Hoatzin -  a bird that cannot fly very well. These guys were once thought to be a link between lizard/dinosaur ancestors and avians, because juveniles have claws on their wings. They are always over water, and juvies will fall into the water and use the claws on their wings to climb back out onto the bank. When they molt into adult plummage, they lose the claws. Hoatzins are leaf-eaters, and have few predators because they small putrid... they ferment the leaves in their crop prior to digestion which makes their meat very foul.
Sorry for the crappy photo quality. These are super cool looking birds, look em up online.



Big Bee



Macaw Clay Lick - you may notice there are no Macaws ; )  it hadn't rained in 20 days which threw off a lot of the normal routines of the wildlife, but these licks are usually filled with hundreds of parrots, macaws, and other bird species. In addition, there was a great black hawk perched off in the distance which made other birds nervous so they refused to land on the lick and give us a show... The birds utilize the clay to neutralize toxins in the seeds they eat (i.e. cyanide)



Hanging out in the top of a Ceiba Tree at night, nothing too much to see but the epiphyte growth is cool



Saddle-backed Taramin and Emperor Tamarin (he has a super impressive mustache). I'm told the tamrarins always have identical twins, and the males carry the babies around on their backs. If you look closely at the 2nd pic (Emperor Tamarin) you can see the babies on his back :3 . 
Again, sorry the quality.

----------

GrifTheGreat, jfw60

----------


## SCF

Simply awesome Jeff.

----------

JeffreH

----------


## Carlos

Looks like a great trip; thanks for the share Jeff  :Smile:  !

----------

JeffreH

----------


## Colleen/Jerrod

Fantastic Jeff!!!!! I'm actually quite envious of you! :Big Grin:  I would have loved to takena trip to the Amazon.

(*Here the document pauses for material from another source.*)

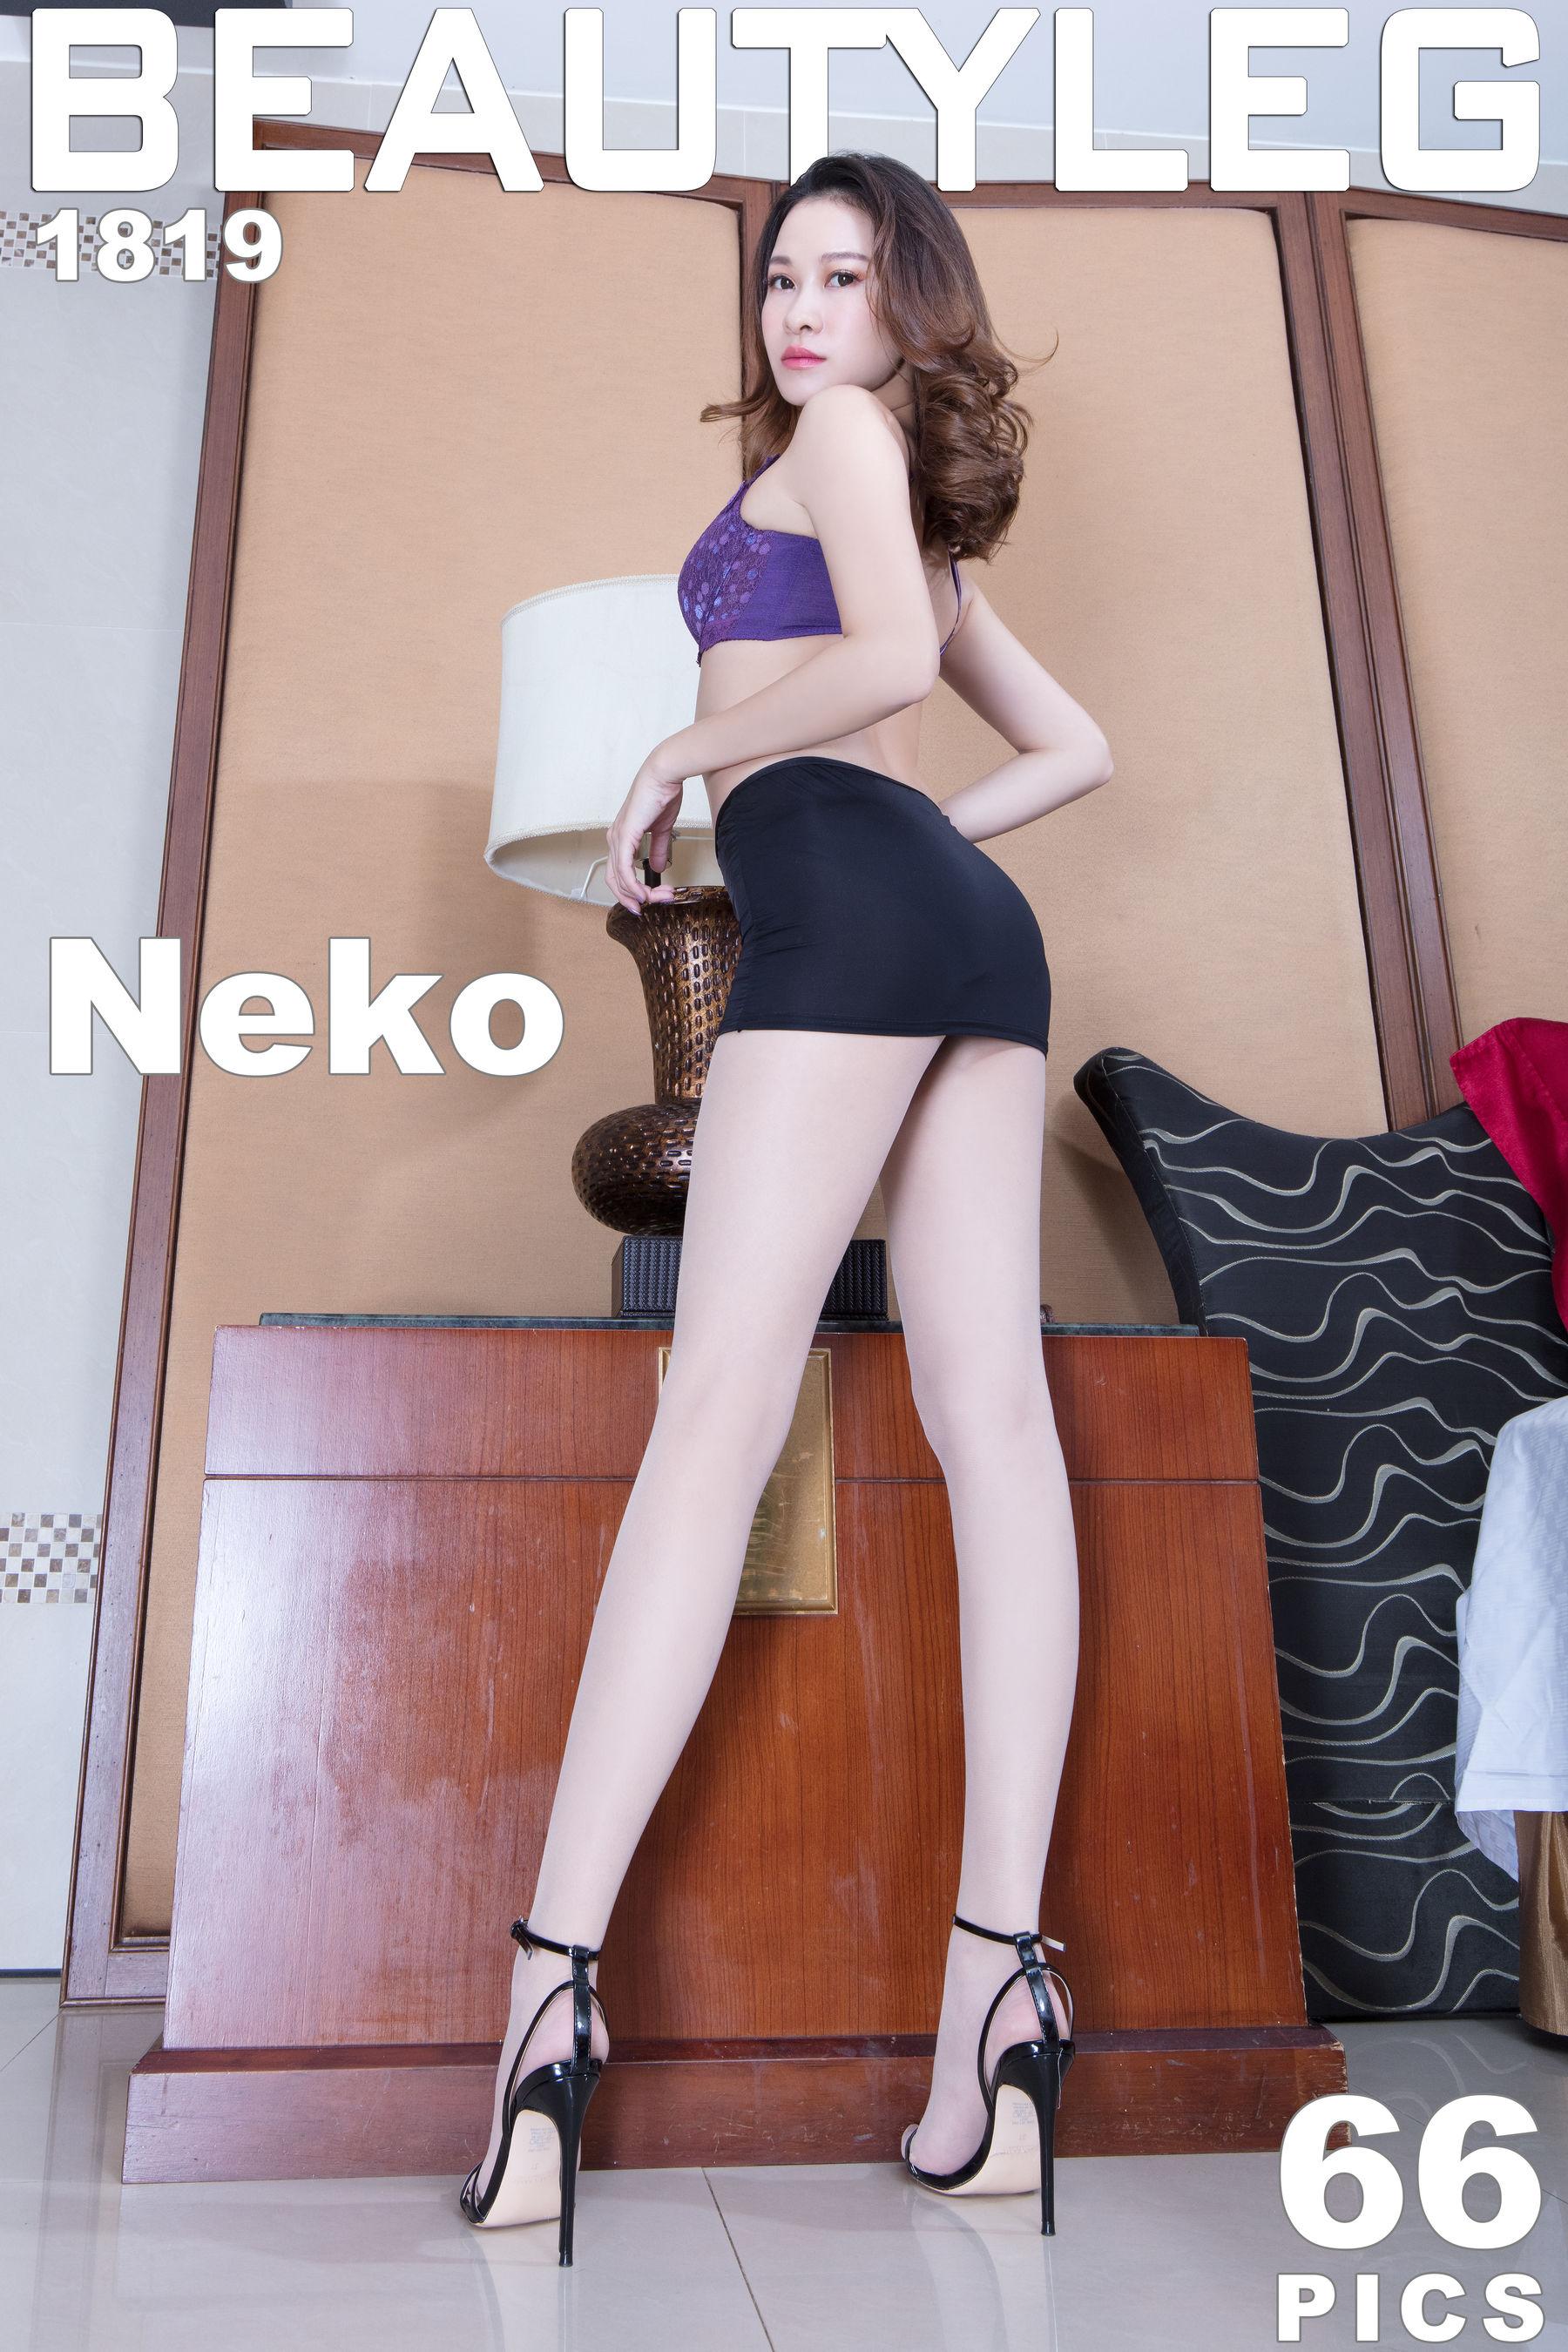 VOL.1366 [Beautyleg]高跟肉丝袜长腿美女丝袜制服:黄镫娴(腿模Neko)超高清个人性感漂亮大图(58P)

Lots of wildlife! Especially love the fact that you got to see a _Ceratophrys cornuta_ in it's natural habitat. Simply amazing!

----------

JeffreH

----------


## numpty

Nice post! I went to this part of Peru a long time ago but never made it into the park proper (naively thinking I could just turn up at the park in a canoe ferry and bypass the usual park waiting list regulations!) Looks like you had a great time with some good people.

----------

JeffreH

----------


## bill

awesome pics Jeff!! thanks for sharing!! looks like it was incredible journey. :Smile:

----------

JeffreH

----------


## maxQ

Wow, great post and awesome pictures, thanks for sharing. I got to do a conservation trip to Kenya years ago, these are things you will never forget. :Frog Smile:

----------

JeffreH

----------


## Jeff

Thank you guys! It was definitely the most incredible experience of my life = )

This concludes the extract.